[00:00:00] Speaker 1: To other news now, and President Trump has declined to apologise for a racist video posted on his social media account depicting former President Barack Obama and his wife Michelle as apes. Mr Trump blamed a member of his staff for what he called a mistake. Now deleted, he's facing a significant backlash over the video, which the BBC is not showing. It is a parody of Disney's Lion King. It depicts Mr Trump as a lion, while senior Democrats are portrayed as various animals worshipping him. The Obamas are the only people depicted as apes. The White House Press Secretary Caroline Leavitt initially defended the video. Speaking on Air Force One, President Trump said, I didn't see the whole thing, claiming the video was published in error, and he only saw the start of it, which was focused on alleged voter fraud, and he claims he gave it to staff to post. Well, the video provoked widespread criticism, including from many Republicans. Senator Tim Scott, who is black, described it as the most racist thing I've seen out of this White House. When asked whether he renounces the racist part, Mr Trump fell short of making an apology.
[00:01:06] Speaker 2: No, I didn't make a mistake. I mean, I look at a lot of thousands of things, and I looked at the beginning of it, it was fine. They had that one post, and I guess it was a take-off. If you look at where it came from, I guess it was a take-off on the Lion King, and certainly it was a very strong post in terms of voter fraud. Nobody knew that that was at the end. If they would have looked, they would have seen it, and probably they would have had the sense to take it down.
[00:01:38] Speaker 1: As we mentioned, there has been a lot of reaction. Yvette Clark is chair of the Congressional Black Caucus in the U.S. She says she isn't surprised by the video being posted.
[00:01:48] Speaker 3: My reaction was the same outrage and alarm that most people of goodwill felt at seeing the video posted by the president of the United States or someone within his orbit. You know, I'm not surprised. I know that many people are a bit shocked, but I'm not. And that's because ever since Donald Trump first ran for office, he was a demonstrated racist. He cooked up a whole myth about President Barack Obama being born in Kenya, the rise of birtherism here in the United States. And so it's just continued, but the stakes have become even higher with his outlandish and quite frankly bigoted behavior. It invokes violence in a very volatile environment that black Americans are living in right now.
[00:03:03] Speaker 1: Well, this was the reaction of Patrice Willoughby, global chief of policy at the National Association for the Advancement of Colored People.
[00:03:12] Speaker 4: The president has used this type of racial rhetoric in the past to create the impression that people of color are less worthy. And so the American public and the global public has recognized that this is a way to cast aspersions, to make other people appear as though they are less worthy of representation. And it was very appropriately condemned widely by politicians of both parties. But it is not surprising because this is what the president has done throughout his tenure.
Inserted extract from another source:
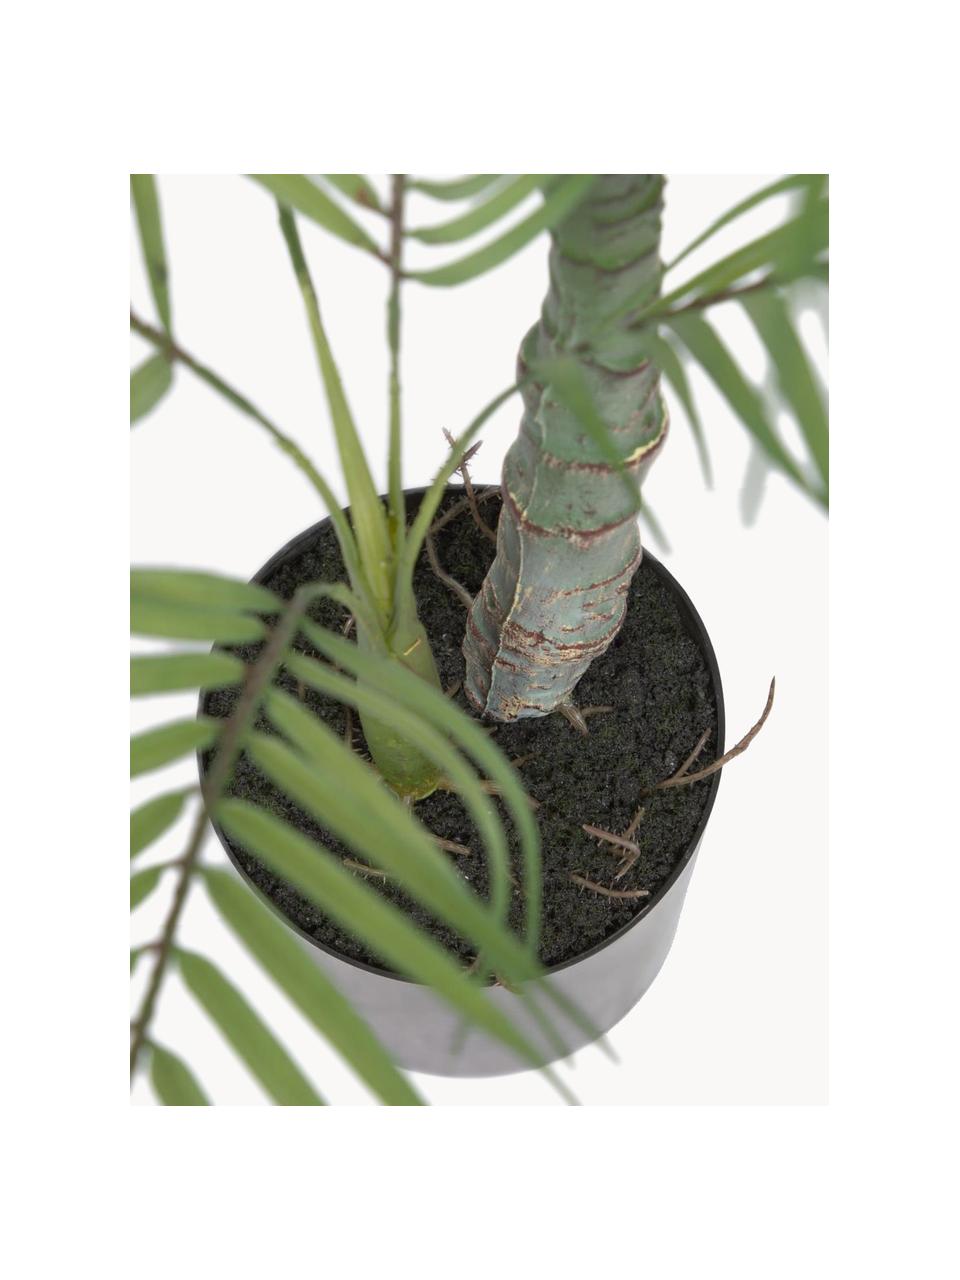 Palma artificiale in portavaso Palme, Plastica, Verde, nero, Lung. 84 cm

[00:03:59] Speaker 5: In any other sort of normal walk of life, I think it's fair to say that if there was a CEO, this sort of thing would be career ending. I guess I want to understand, will this matter? Will this just blow over?
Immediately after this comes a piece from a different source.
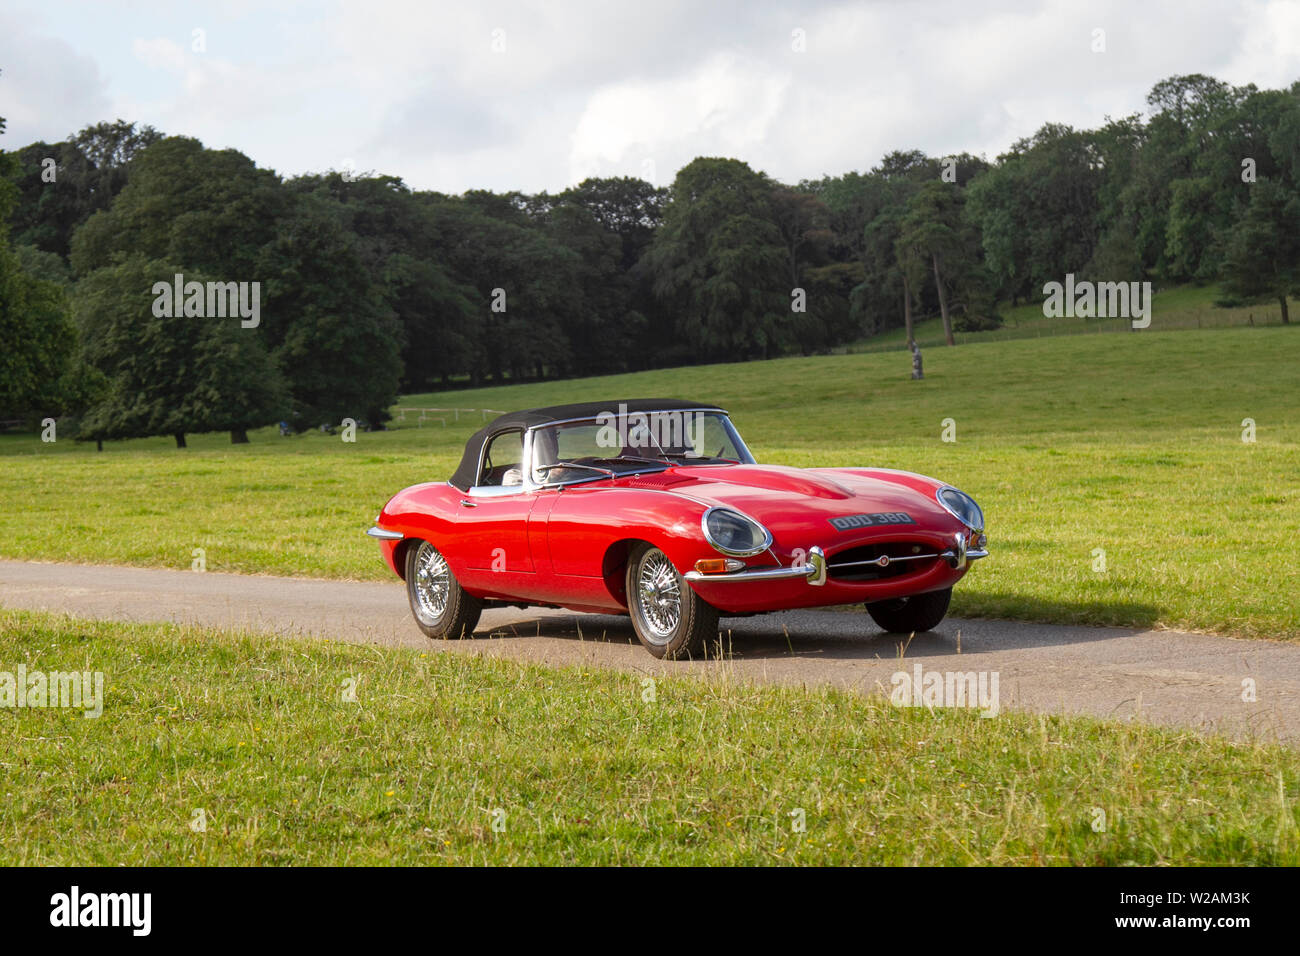 1962 60s anni Sessanta Rosso British Classic Jaguar 'e' tipo 3781cc Roadster convertibile in guida in un parco boschivo, Regno Unito Foto Stock

[00:04:14] Speaker 4: This is a distraction. The president issues statements like this because it pulls attention away from failed policies that he has on the economy and the lack of standing with other world leaders and the general decline of the U.S. in the eyes of people around the world. Overall, it will not matter. It is a distraction because the American people see what's happening in U.S. cities with the proliferation of border and customs patrol, the growth of essentially secret police that are attacking people who are both citizens and non-citizens and which violates the Constitution. So overall, it's not going to matter because people can differentiate between fact and fiction.
[00:05:14] Speaker 1: Patrice Willoughby, Global Chief of Policy at the National Association for the Advancement of Colored People, talking to my colleague Norma Iacobo.